Today while spending time in a coffee shop where I used to spend entire days, I ran into a girl I’ve known since high school. I was jealous of her then, and to be honest, some of that jealous flared up again when I saw her this afternoon. It would seem I will often struggle with the same sins even years after they have begun.
But that girl is wonderful, and I’ve learned that in time. She works at the coffee shop so we didn’t talk long but she asked if I’d seen E lately. “He was my favourite person to work with!” she exclaimed and announced her disappointment that upon returning from six or seven months out of the country he had quit and moved to a different job. I smiled a little, the crooked smile that has hesitancy amid the cheer. “Oh, yeah, I’ve seen him, we’re dating.”
“I knew it!” she practically shouted and sat down a chair just a little too hard in her excitement.
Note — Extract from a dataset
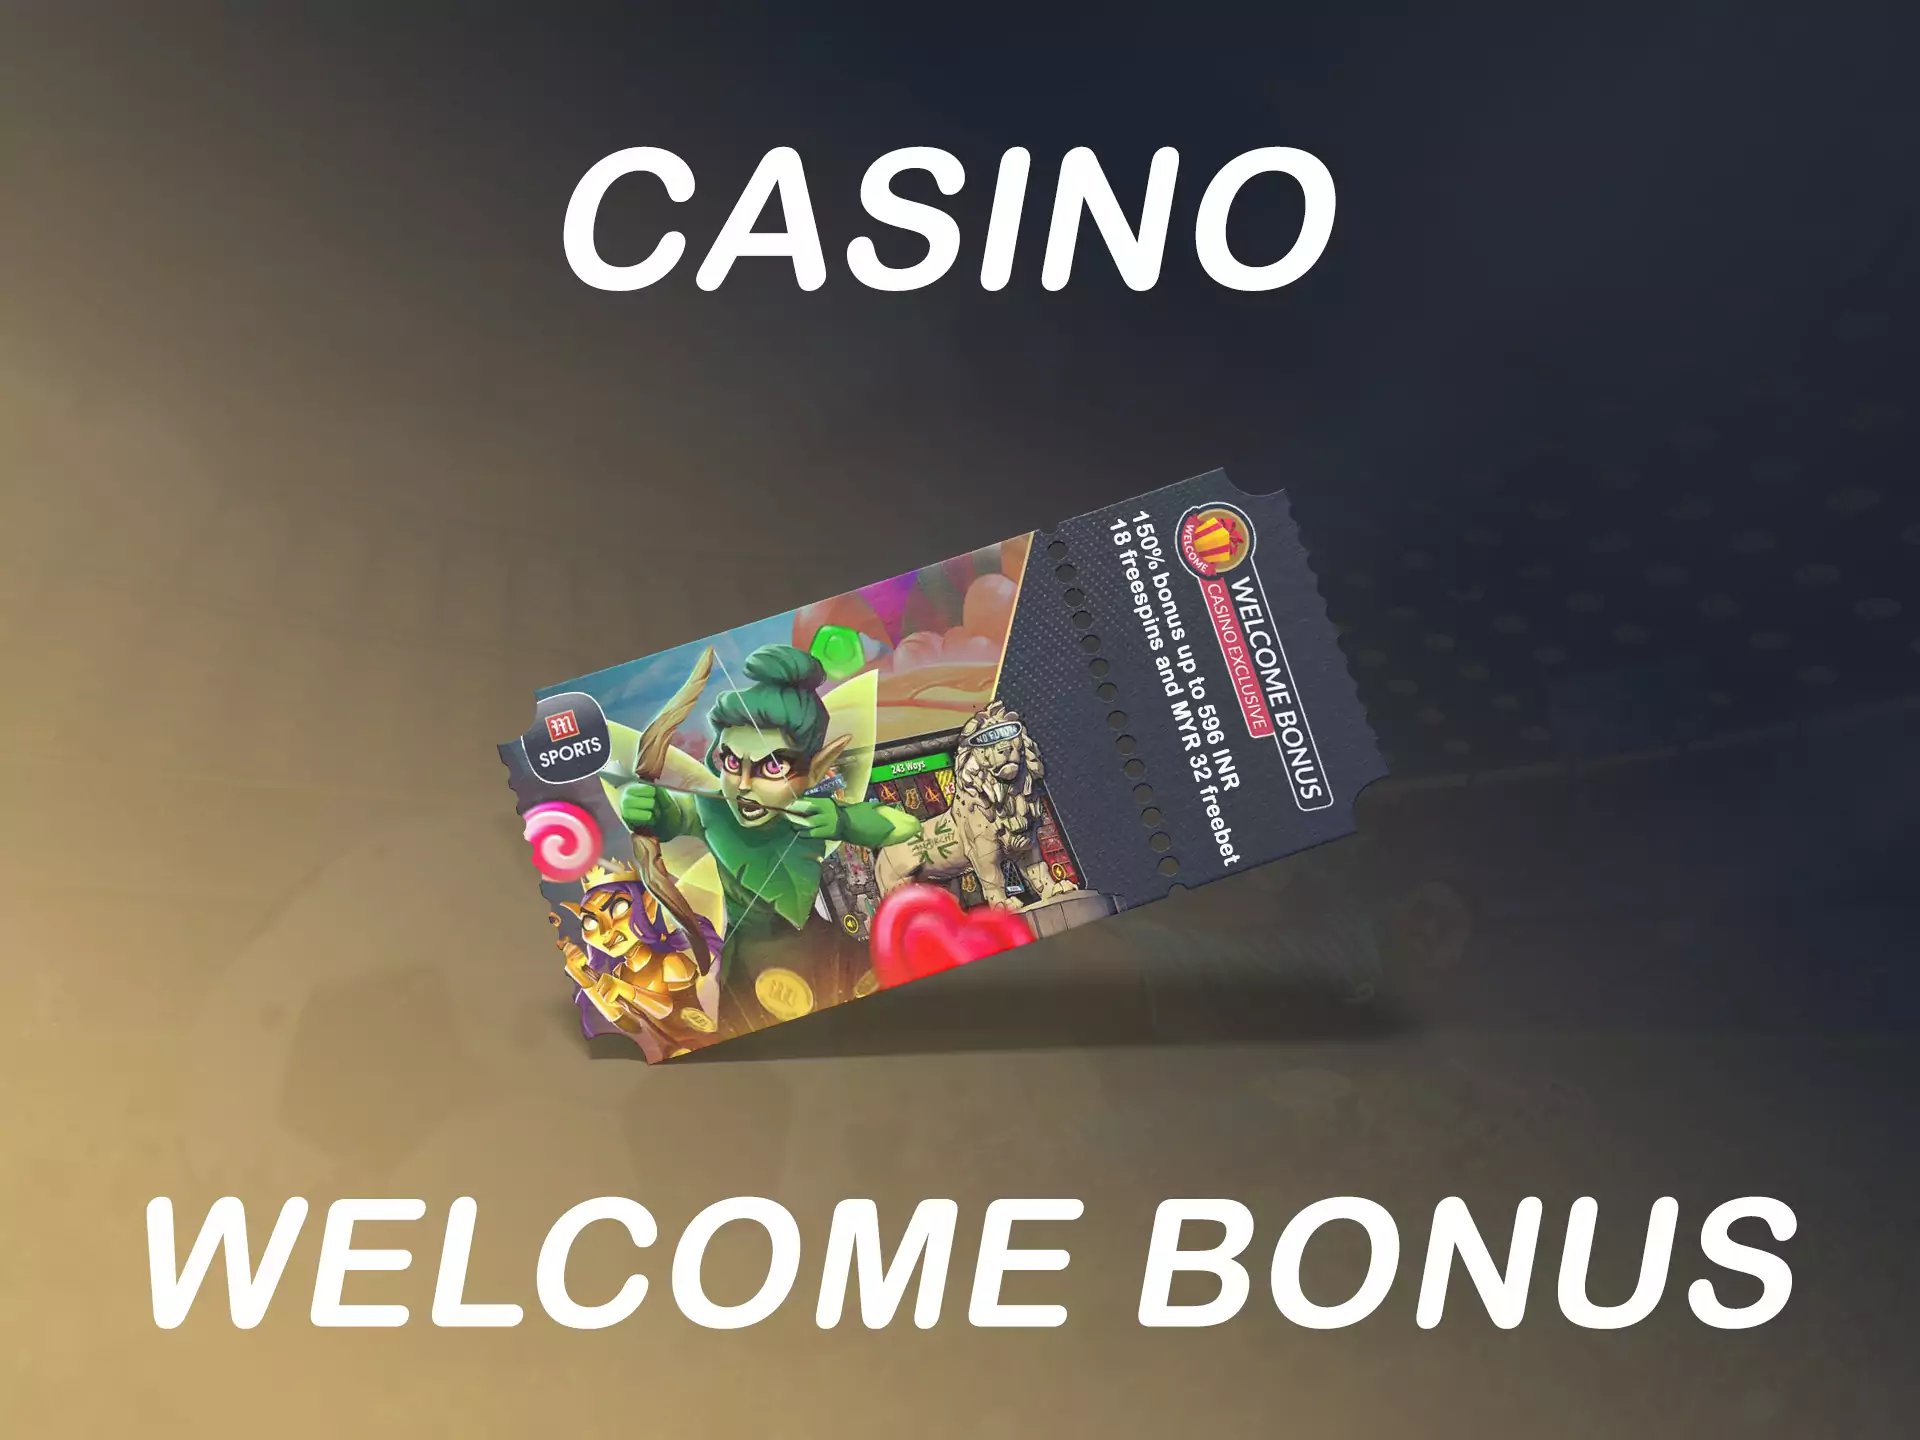 Between matches, you can spend your casino bonus playing games.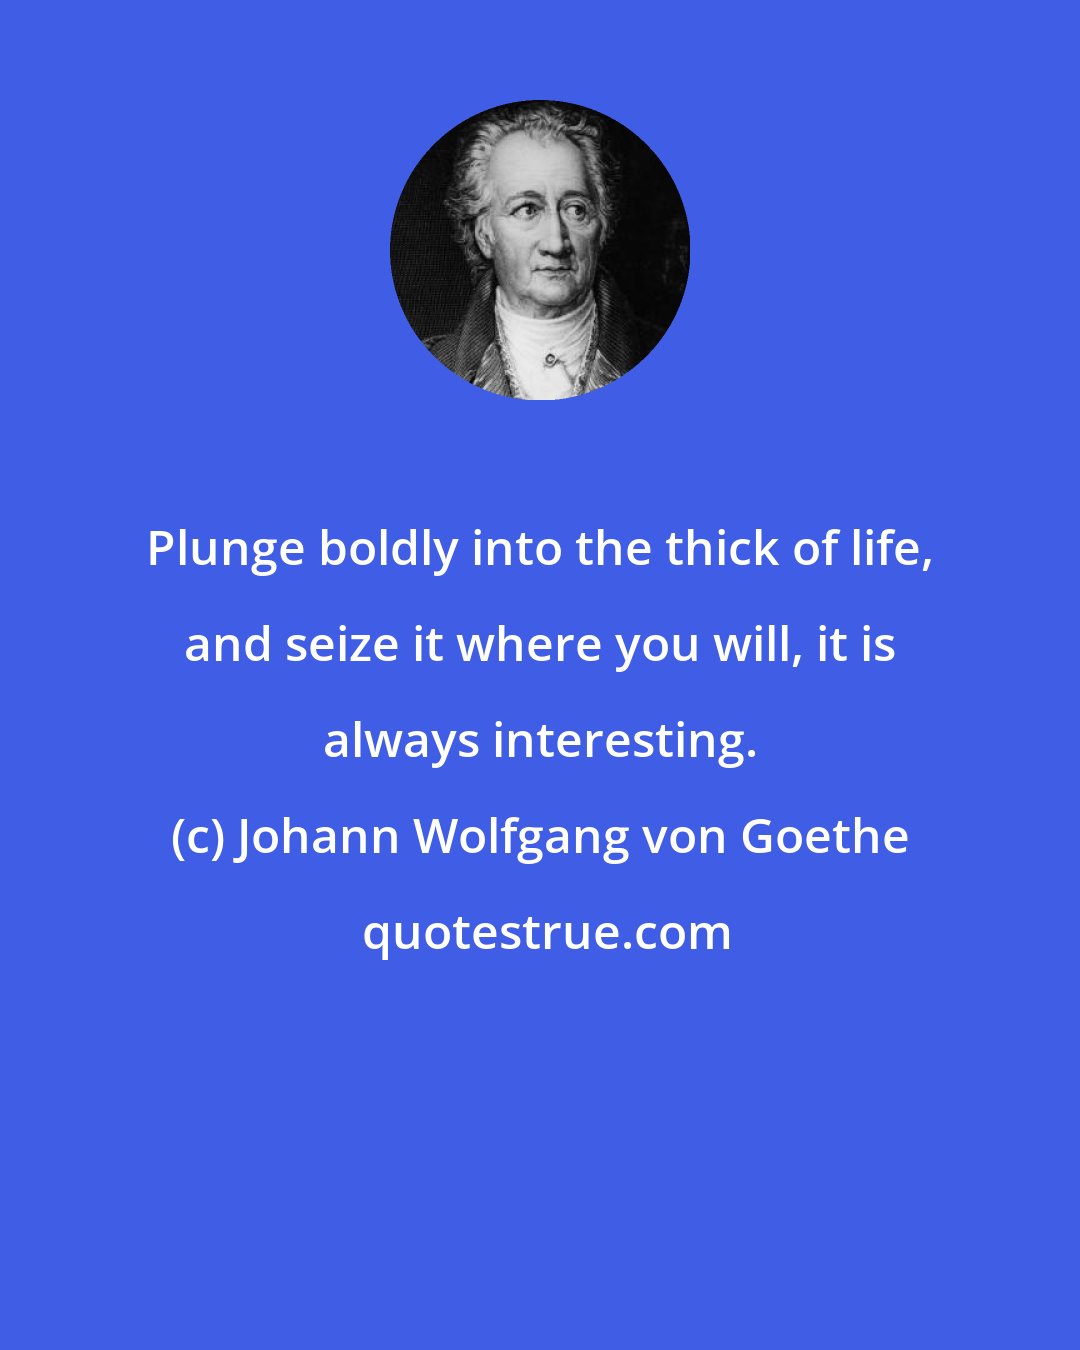 Johann Wolfgang von Goethe: Plunge boldly into the thick of life, and seize it where you will, it is always interesting.

“Yeah, that’s what most people say–”
“I always used to ask him–”
“Or people are like, ‘took you long enough!'” And we laughed because it did take a long time for us to move from friends, to best friends, to dating and who knows where that will turn. But then she said something I hadn’t considered.
“Sometimes, it’s better that way. Taking a long time.”
So often we (or I) have looked at the long friendship between myself and E as a period of waiting and turmoil on my part. It’s as though it is my fault. E would never say that. He was patient and didn’t mind the time, though I think there were periods of exasperation when I lamented singleness and he stood by, waiting, hoping, trying to snap off the blinders that I wore. But as my friend pointed out this afternoon, it isn’t a question of “fault” as though I had “problems” that I needed to overcome before we could date. Some of that is true, but that is not the truth.
The truth is, we waited because both of us felt that God wanted us to. I didn’t know my heart for a long while. He knew his but he knew it wasn’t the right timing–even if I had known my true feelings sooner. We took out time, we were friends and we prayed about what God was doing. When it came time for us to move forward, it was pretty clear.
I don’t know why it took so long, and I don’t think I need to. God has his reasons, some we will discover and others will always be a mystery. What matters is that we are moving, carefully, confidently and always prayerfully. God will reveal himself and his plans in his time–we just get to enjoy the ride.